Why drift is a structural problem

All of these practices help, but they're managing a symptom. The underlying issue is that Terraform's architecture requires a separate state file to track the relationship between code and infrastructure. Your application code lives in one repository, your infrastructure code lives in another (or a subdirectory), and state lives in a third location. Keeping these three things synchronized is an ongoing operational burden.

Every drift incident follows the same pattern: something changed in the real world, and the synchronization layer didn't capture it. More process, stricter access controls, and better CI pipelines reduce the frequency, but the failure mode is built into the model.

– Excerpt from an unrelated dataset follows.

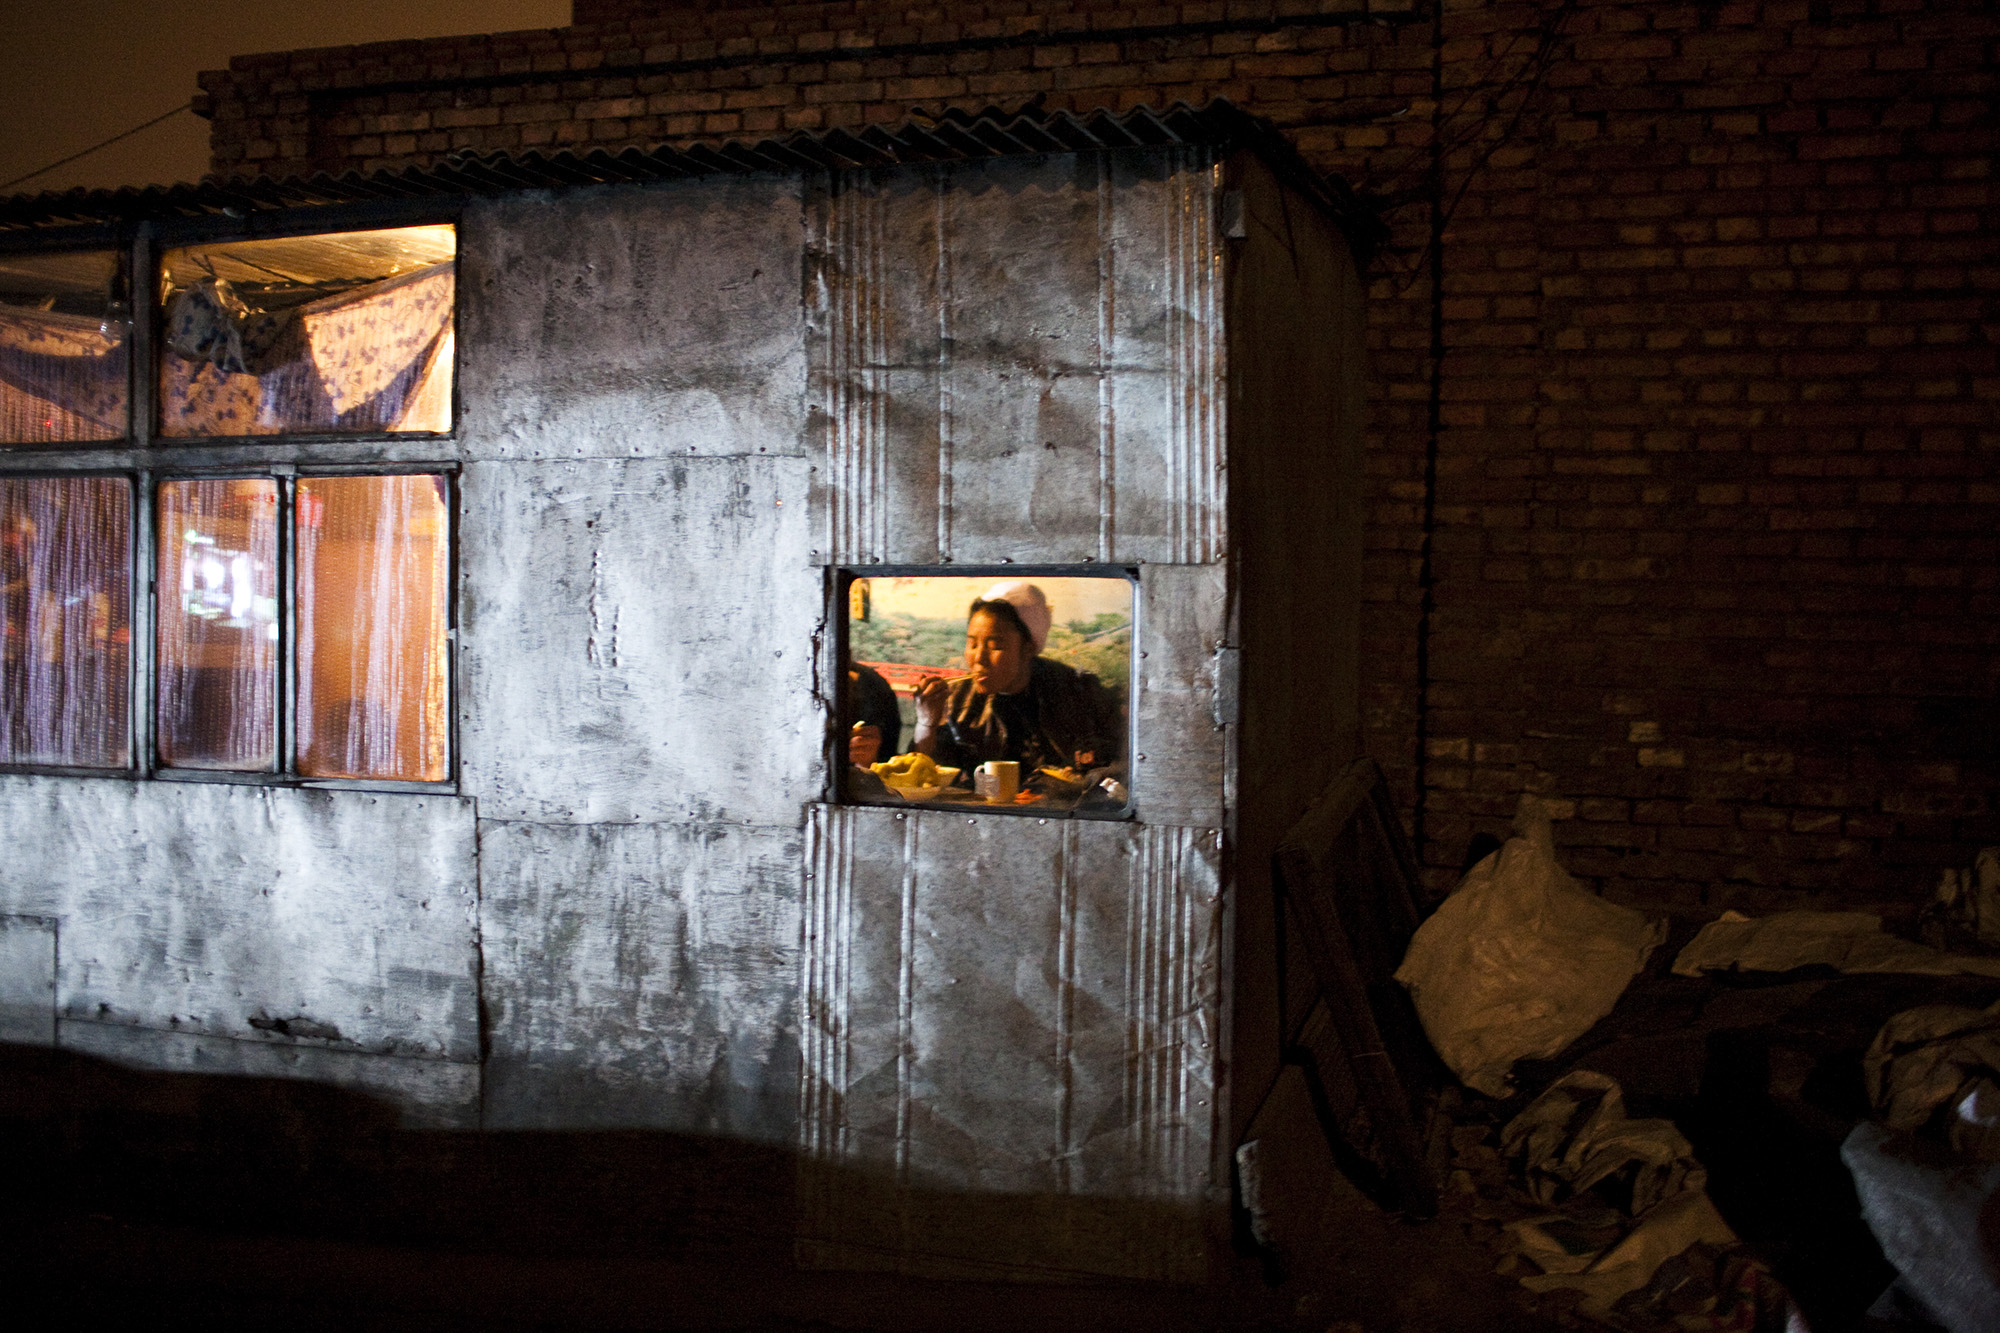 A coal yard boss eats inside her home.

Infrastructure-from-code approaches like Encore take a different path. Instead of maintaining a separate infrastructure definition that has to stay in sync with your application, infrastructure is declared as part of the application code itself. A database declaration lives in the service that uses it. A pub/sub topic is defined next to the code that publishes to it. There's no separate state file that can drift because the infrastructure definition and the application are the same artifact.

This doesn't mean Terraform is the wrong choice for every team. But if drift has become an ongoing operational cost, it's worth understanding that the problem isn't a lack of discipline. It's an architectural tradeoff baked into how state-file-based tools work.